Usai mendengar pesan Datu Luwu yang disampaikan oleh Khatib Sulaiman dan kawan-kawannya dan mengetahui Datu Luwu telah memeluk agama Islam, maka raja Gowa Sultan Alauddin pun mengikuti jejak Datu Luwu. Ia sangat yakin dengan keputusan Datu Luwu. Karenanya, ia menjamin masyarakat Gowa dan semua daerah sekutunya akan menjadi pemeluk agama Islam.

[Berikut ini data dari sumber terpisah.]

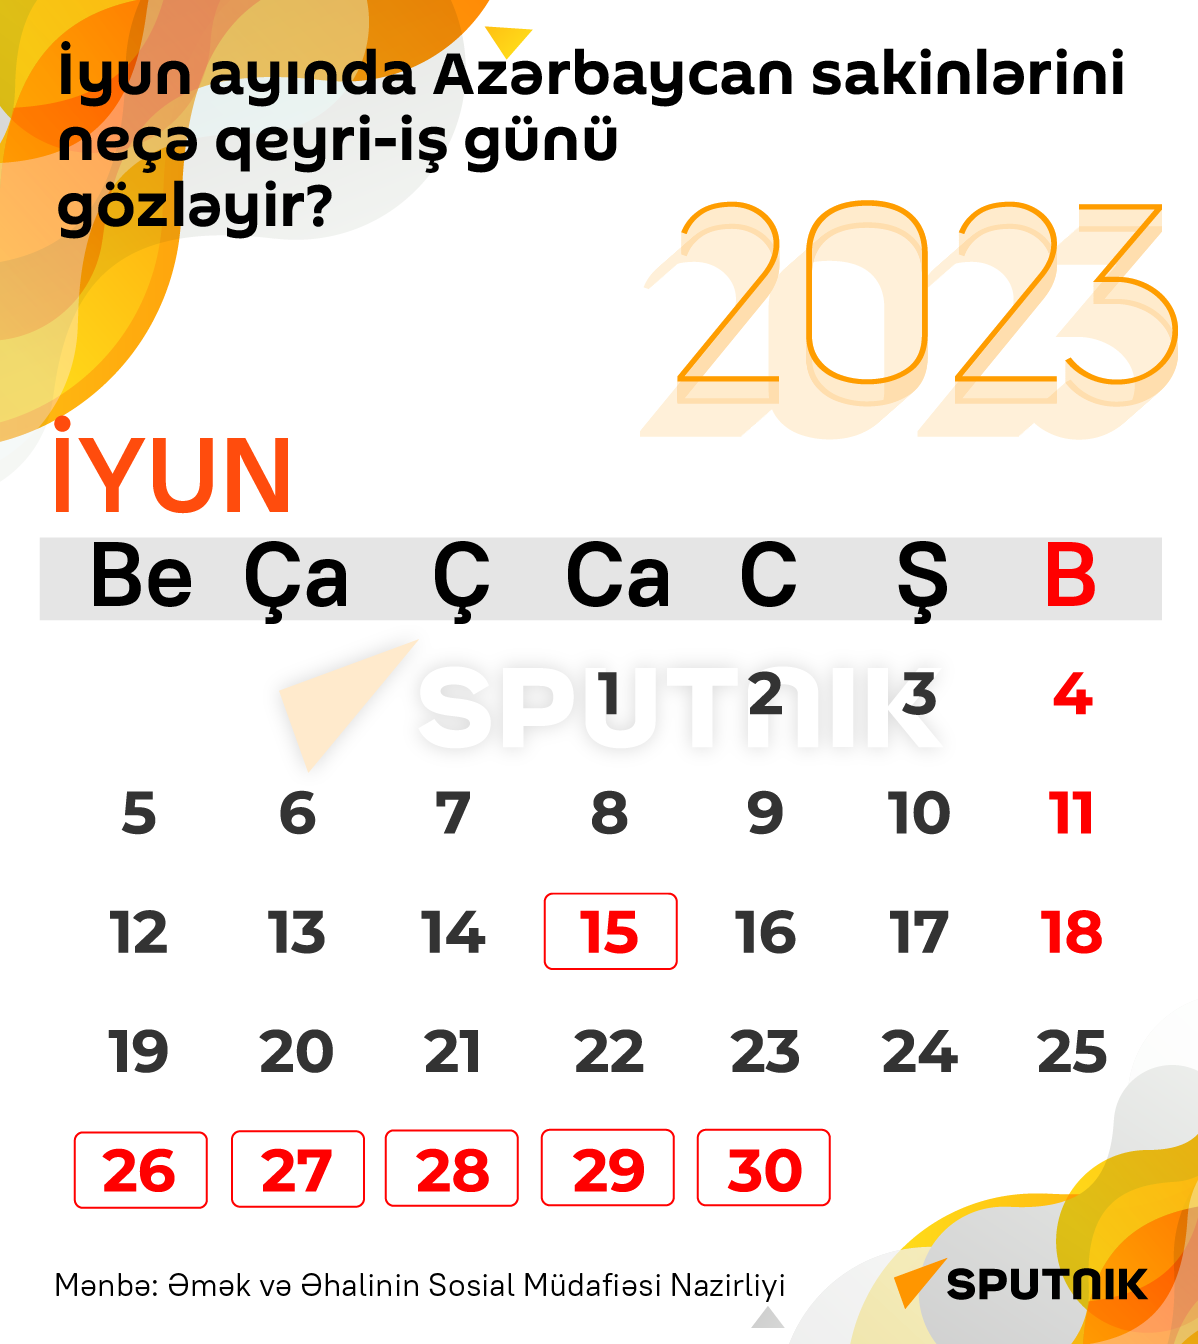 İyun ayında Azərbaycan əhalisi üçün qeyriiş günləri 30.05.2023
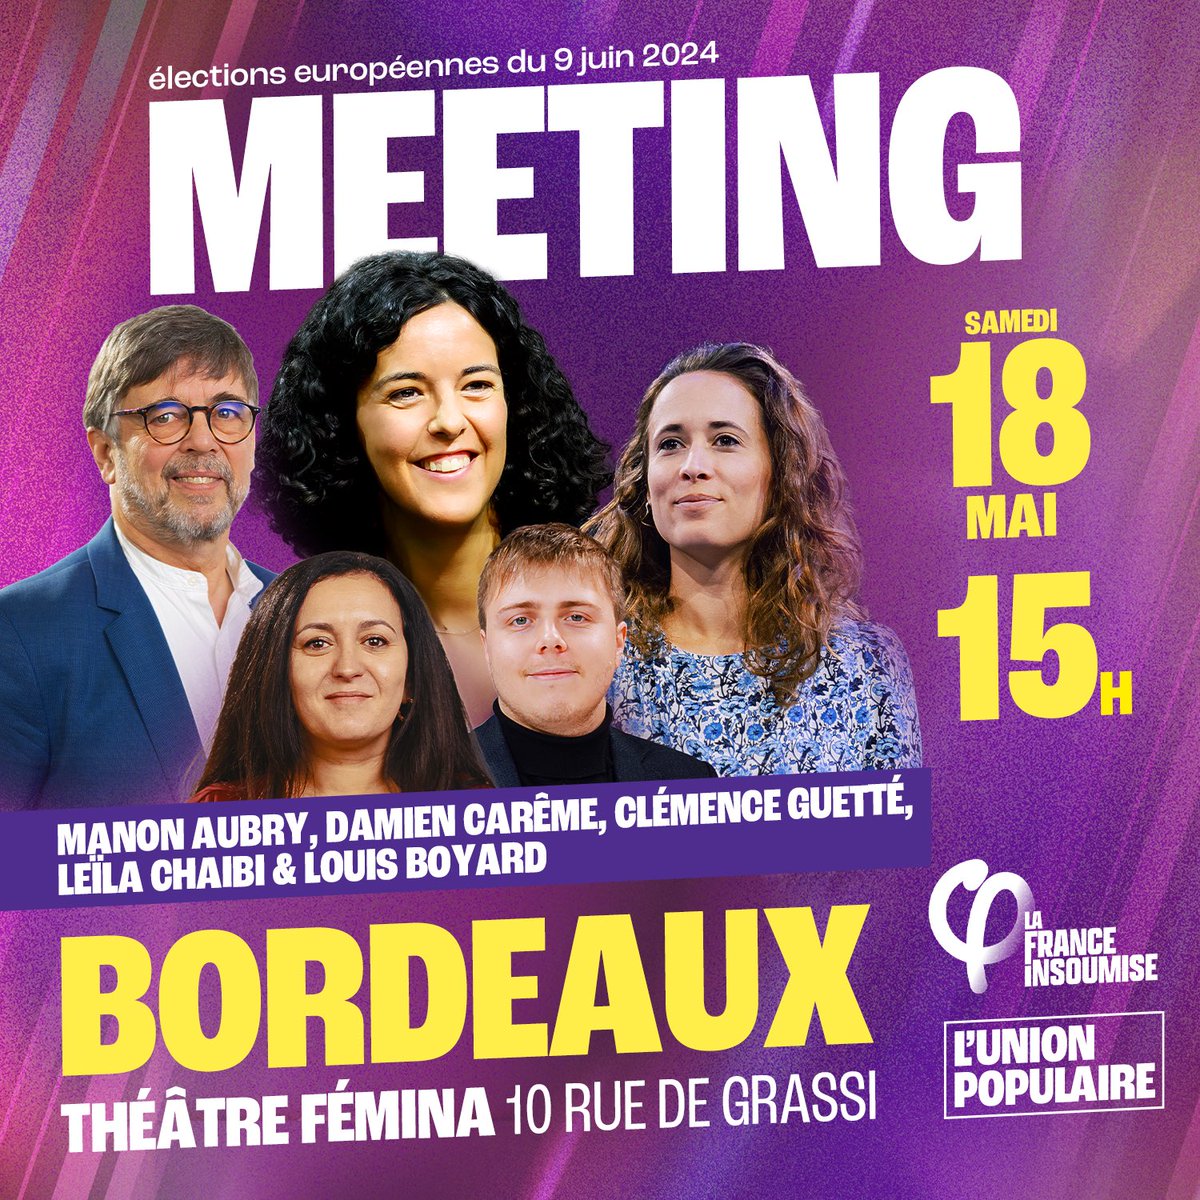 🔴 Grand meeting à Bordeaux le 18 Mai à 15h ! Retrouvez @ManonAubryFr tête de liste, @DamienCAREME eurodéputé écologiste, Leïla Chaibi eurodéputée, @LouisBoyard et @Clemence_Guette députés LFI-NUPES, pour un grand meeting de l’#UnionPopulaire. 👉 Rendez-vous au Théâtre Fémina…

Sejak saat itu, Khatib Sulaiman kembali dan menetap di Luwu. Adapun Khatib Tunggal menetap di Kerajaan Gowa dan Tallo yang kemudian dikenal dengan nama Datok ri Bandang dan Khatib Bungsu berangkat ke Bulukumba yang kemudian dikenal dengan nama Datok ri Tiro.
Di Luwu, dengan tekun Khatib Sulaiman memberikan pengajaran agama Islam kepada raja, kalangan istana dan selanjutnya kepada seluruh rakyat Luwu. Tanpa kenal lelah dan penuh kesabaran, Khatib Sulaiman terus membimbing orang-orang yang telah memeluk Islam, hingga akhir hayatnya.
Khatib Sulaiman dikuburkan di desa Pattimang. Karenanya, ia juga dikenal dengan nama Datok Pattimang. Sampai saat ini kuburannya masih ada dan sering dikunjungi oleh masyarakat dari berbagai daerah. Kuburannya berada tidak begitu jauh dari makam La Pattiware yang terdapat di Kecamatan Malangke, Kabupaten Luwu.

Catatan

1 “Iya Tuan”. Puang adalah panggilan/gelar penghormatan di masyarakat Sulawesi Selatan.
2 Artinya “Maafkan saya Tuan“. Panggilan/gelar kehormatan. Gelar bangsawan di Luwu dan dipakai pula di beberapa daerah lainnya.
3 Dalam tradisi masyarakat Luwu (Sulawesi Selatan), jika rakyat mendapatkan rezeki yang melimpah (tangkapan ikan banyak, panen berhasil, dll) mereka biasanya mempersembahkan pula kepada Datu sebagai tanda syukur dan pengabdian (mereka selalu memberikan yang terbaik).
4 Ade’ Seppulo Dua (Hadat Dua Belas) adalah sebuah lembaga dalam struktur pemerintahan Kedatuan Luwu yang berfungsi semacam Majelis Permusyawaratan Rakyat.